I don’t feel like this is relevant to most people, but it took roughly a total of 3 weeks for me to find my current tech job. After I left my role in a previous media startup, I was about to leave Singapore, but this opportunity came up and I went through a series of crazy interview rounds, the recruiter helped me move swiftly, and once I agreed to the offer, the application for my EP was quickly approved a few days before I was supposed to leave the country.
How easy is it to switch jobs as an expat in Singapore?
I won’t say it’s easy nor difficult. All you need to do is find a balance of being able to keep a full time job while interviewing for a new one. Unfortunately, if you’re on an employment pass, your legal stay is heavily dependent on it. Standard courtesy to give notice is also four weeks, which is much different from the two weeks we have in the US.
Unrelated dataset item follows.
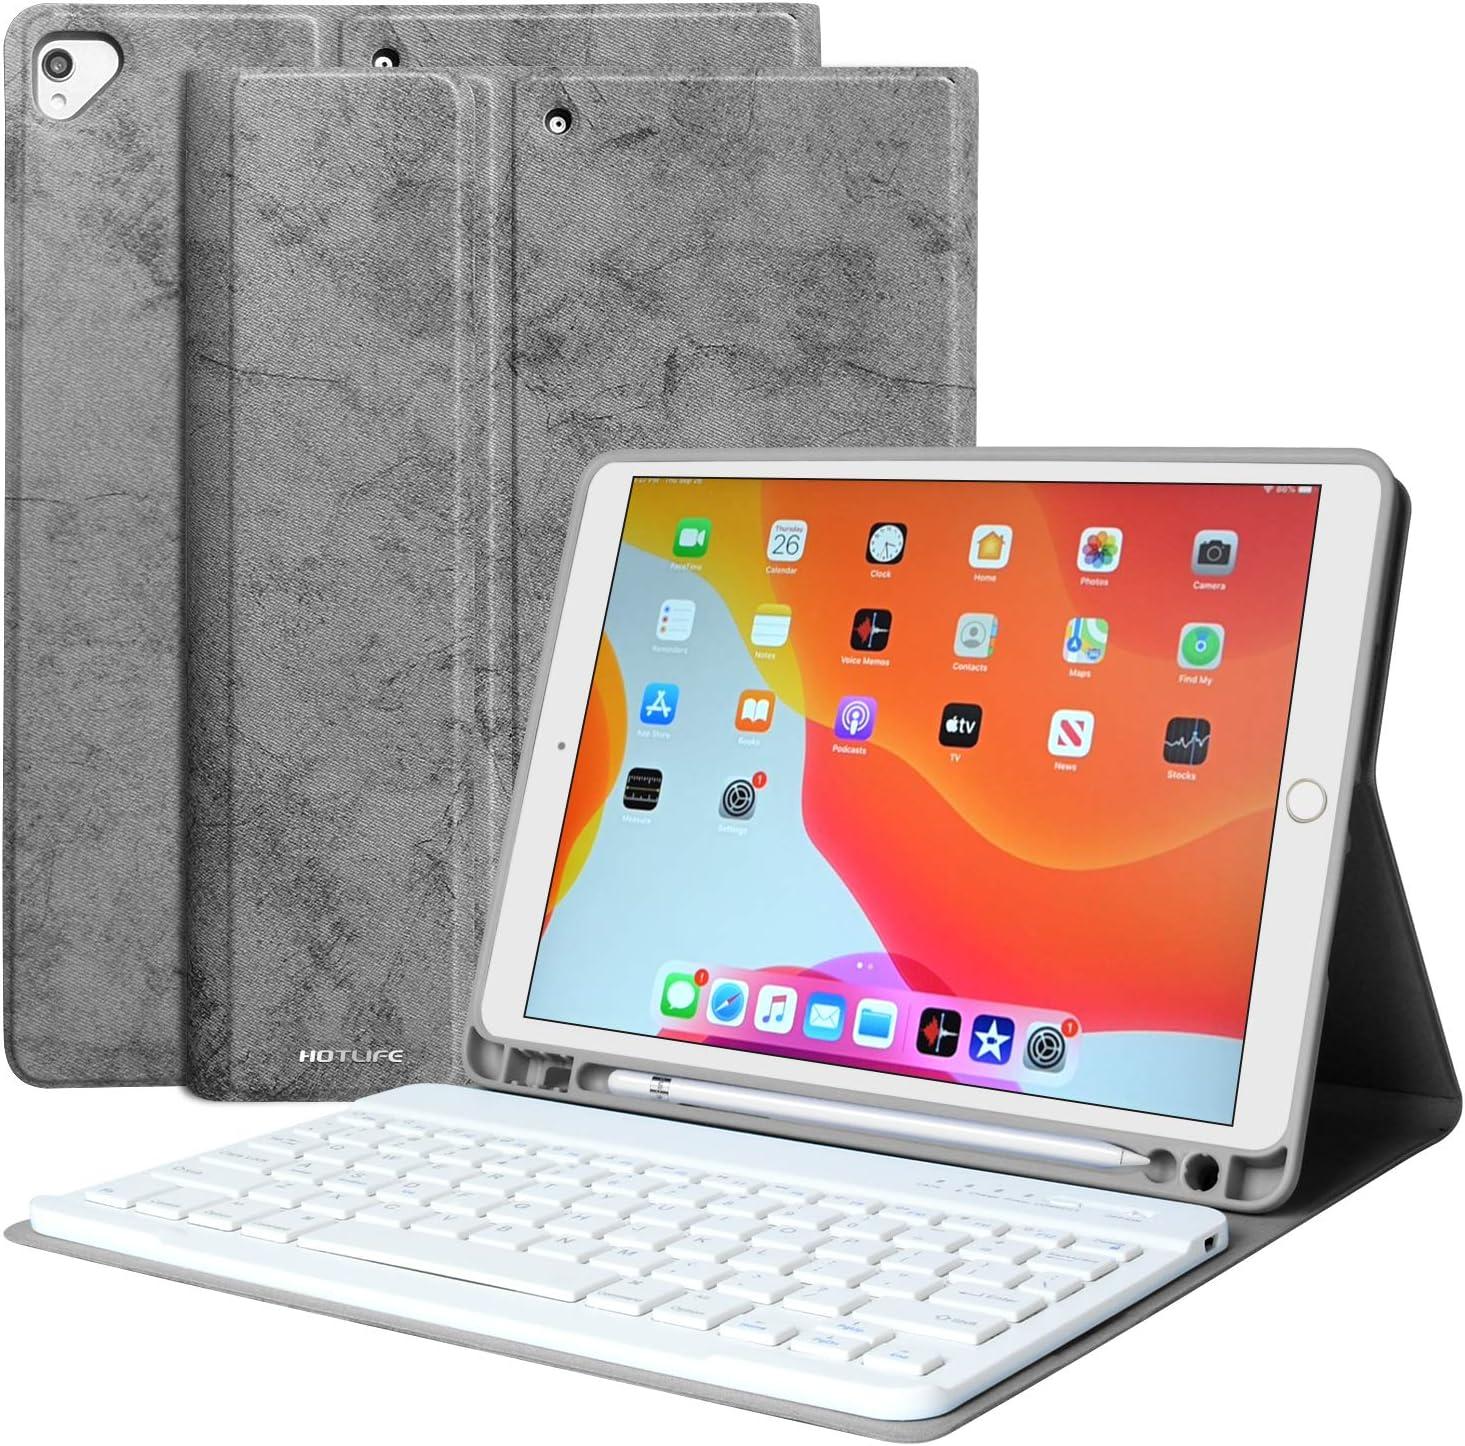 iPad Keyboard Case 10.2 8th 7th Generation 2020/2019 - Magnetic Detachable Bluetooth Keyboard for iPad 8th Gen/ 7th Gen Keyboard Case with Pencil Holder for Generation 8 Gen 7 Air 3 10.5 Pro 10.5,Grey

During covid, a lot of people got laid off and couldn’t find new jobs—they basically had one month to pack up their things and leave. It was devastating and honestly, really sad.
That is why I would never advise you to quit a job and then look for one in Singapore. I’d keep the one you have (even if you hate it), since it helps you stay in the country.
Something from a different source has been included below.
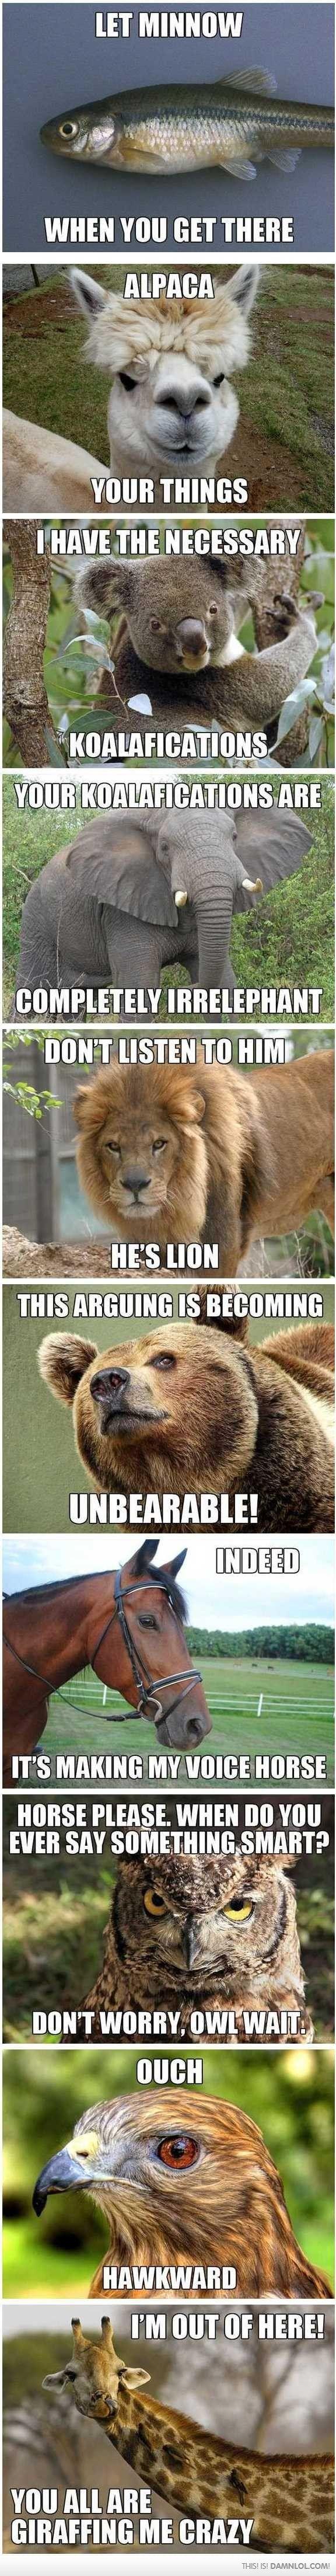 hehehe: Animal Jokes, Animal Humor, Funny Stuff, Love Puns, Animal Puns, Funny Animal, So Funny, Funny Puns, Animal Memes

In early 2022, it seems like there’s a lot of tech companies hiring, but the talent pool and workforce population is obviously smaller here than compared to the US.
There’s been a lot of tech growth in Singapore, but the talent pool needs to catch up as well. I’ve already been reached out by a few other tech companies for similar roles just because I’m in Singapore and hold the same title as what they’re looking for. If I were to transition now, I am confident I could, but I love my job now so I wouldn’t.
You don’t even need to tell your company you’re looking for another job or cancel your EP just yet. Once you get an offer and that employment pass for that new job is completed, then you can cancel the current one you’re on. It’s about timing.
Which jobs are in demand?
According to The Straits Times, “the top tech roles in demand are data scientists or engineers; cybersecurity specialists; and developers of all sorts: front-end, back-end, and full-stack.
Another sector facing this issue is commerce finance. Most in-demand are business controllers, senior financial analysts, and financial reporting managers.”